▸ **Task item**
Using the data below, return word for word every line from the one holding "Appartamento in vendita" down to the one holding "IT Operational Risk". Leave pictures out.

▸ **Supplied records**
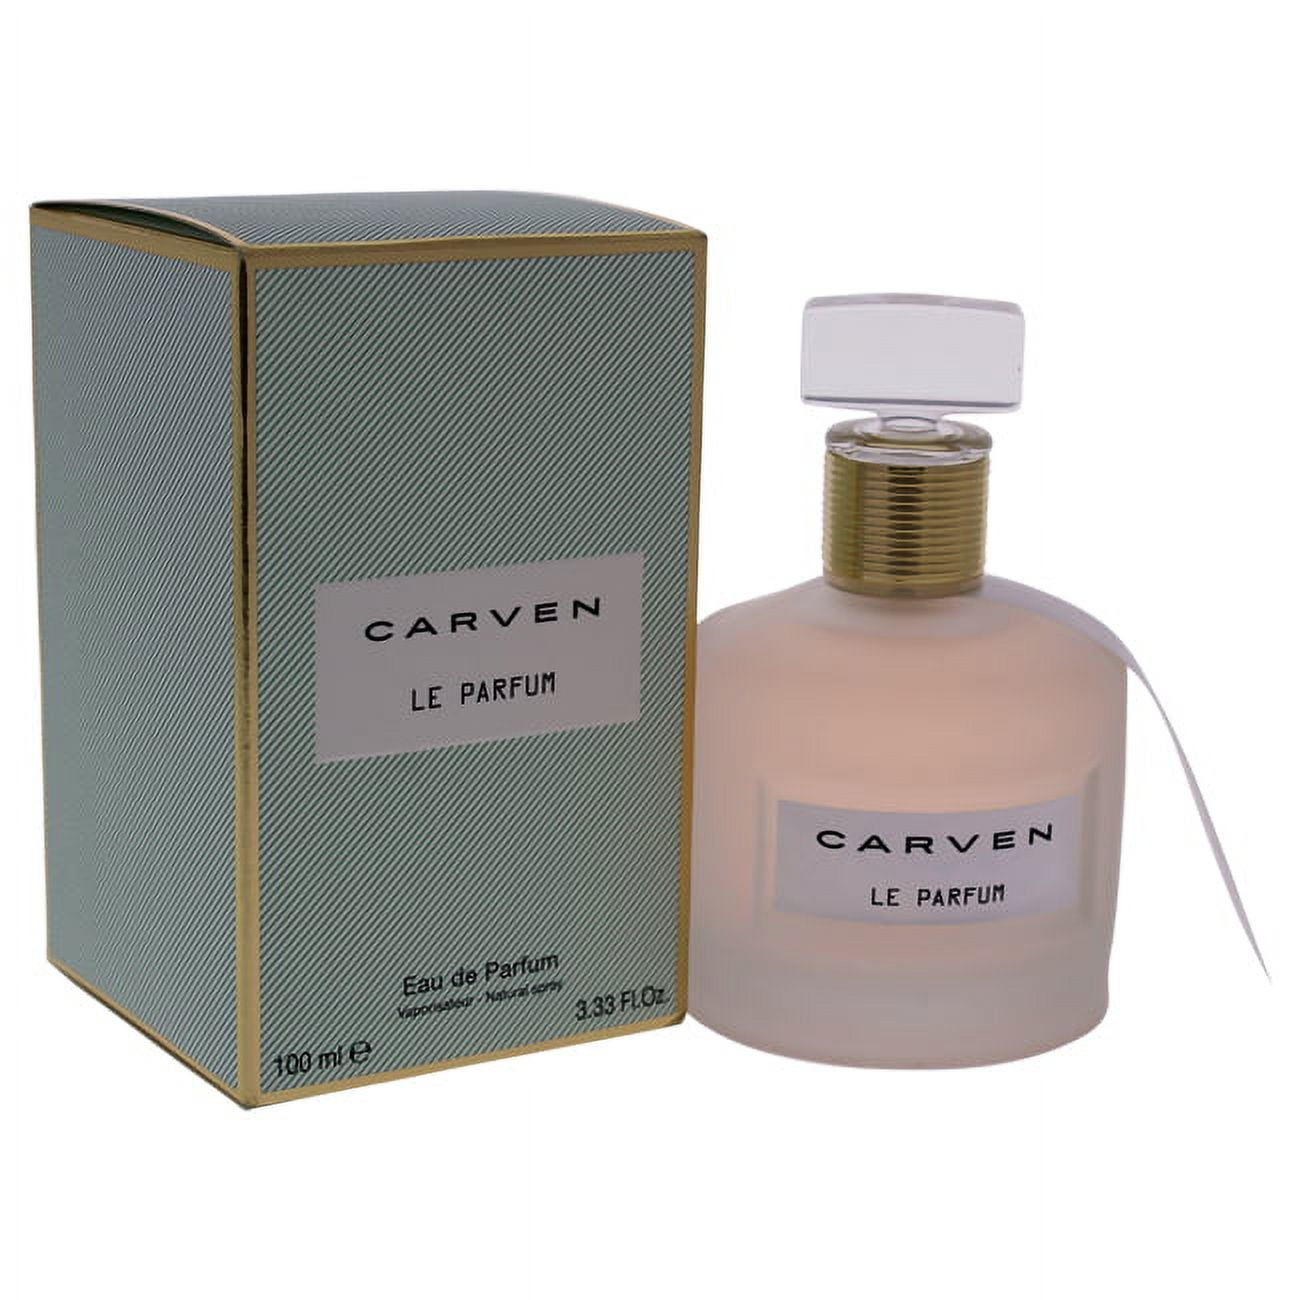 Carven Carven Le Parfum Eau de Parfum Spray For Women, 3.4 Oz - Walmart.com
* * *
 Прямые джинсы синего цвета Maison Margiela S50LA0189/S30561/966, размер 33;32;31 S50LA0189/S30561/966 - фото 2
---
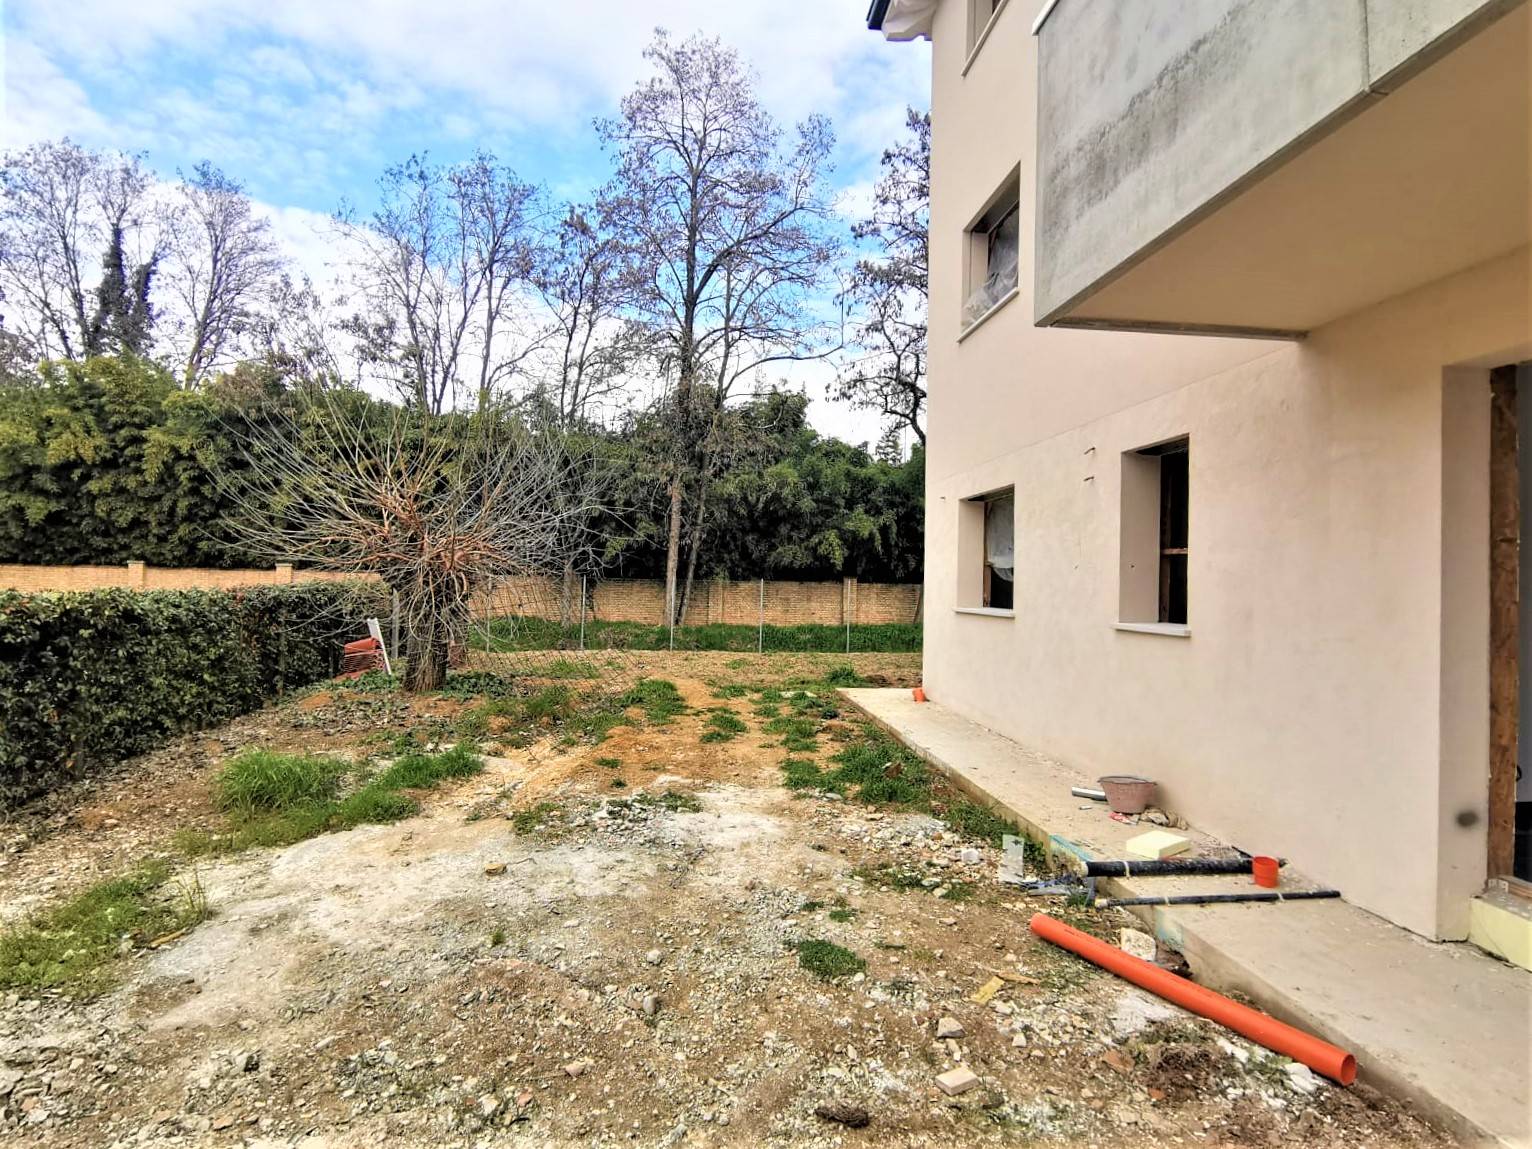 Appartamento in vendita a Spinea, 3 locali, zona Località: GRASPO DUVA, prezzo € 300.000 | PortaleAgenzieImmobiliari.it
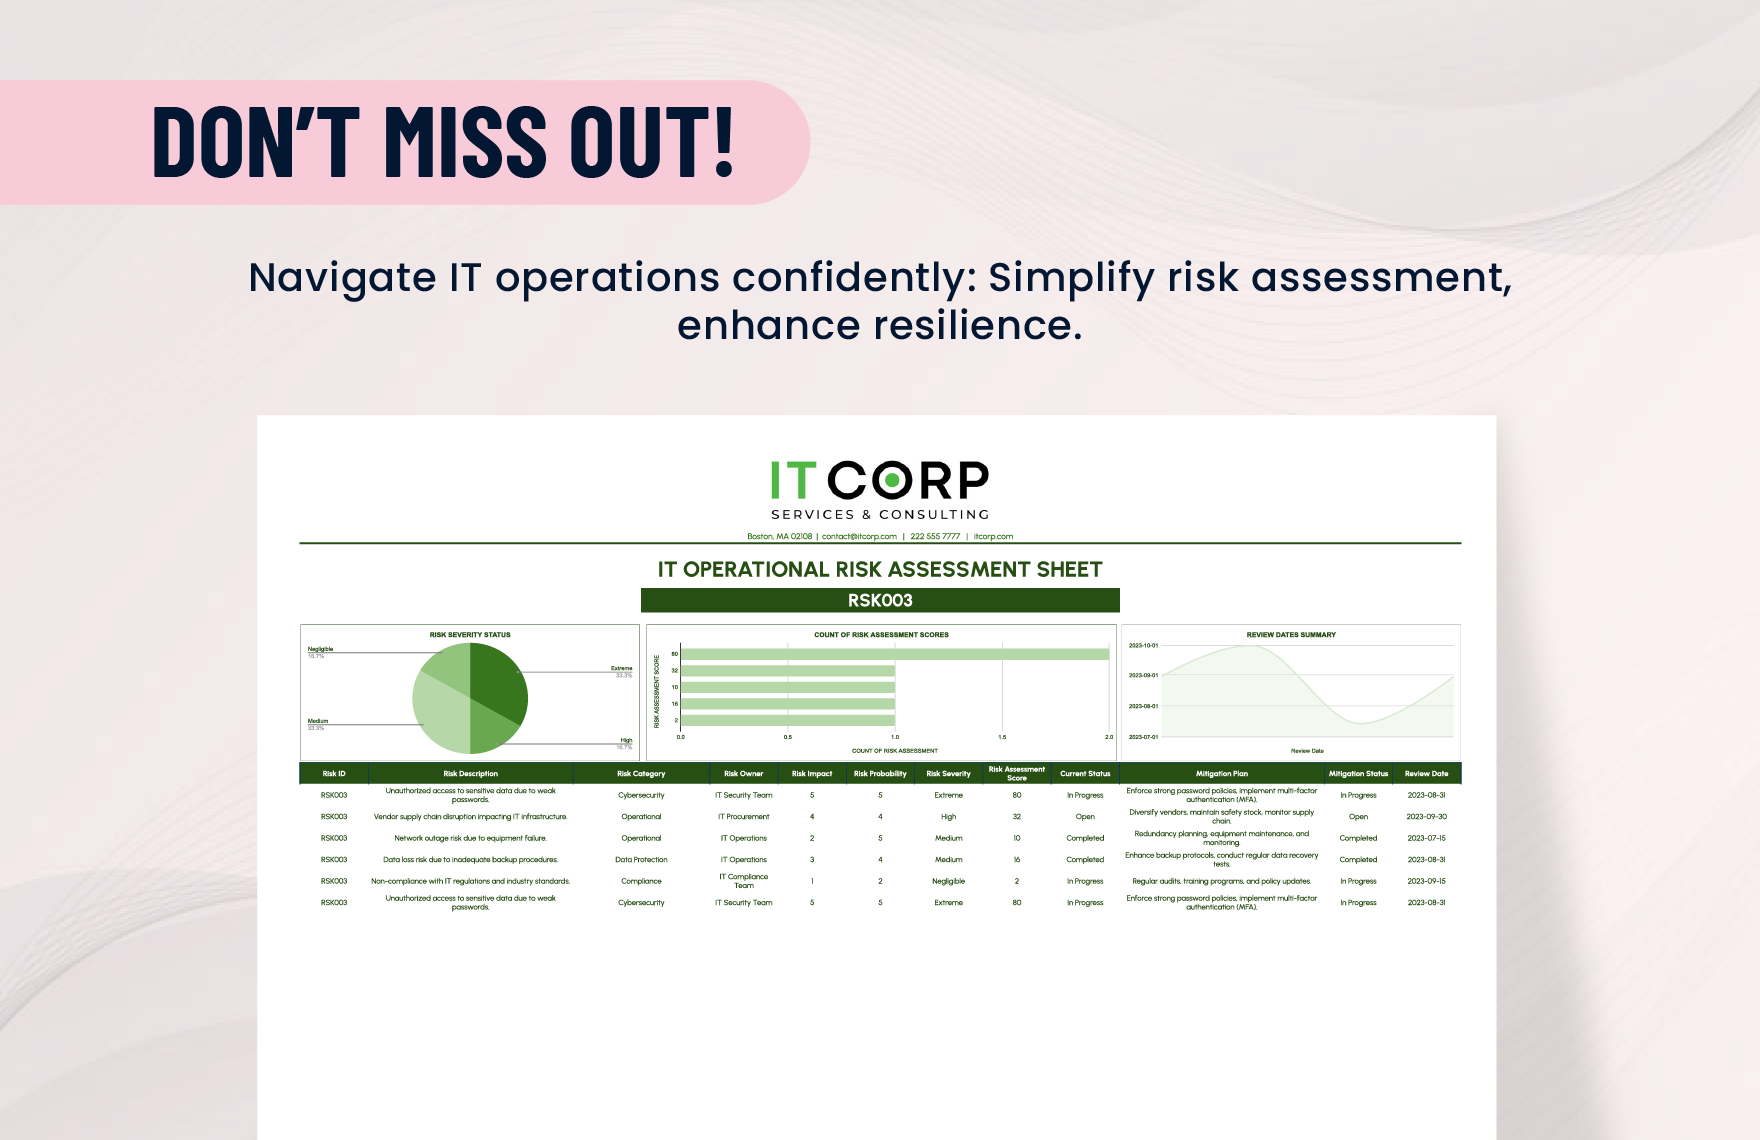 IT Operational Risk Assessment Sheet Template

▸ **Your solution**
 Appartamento in vendita a Spinea, 3 locali, zona Località: GRASPO DUVA, prezzo € 300.000 | PortaleAgenzieImmobiliari.it
 IT Operational Risk Assessment Sheet Template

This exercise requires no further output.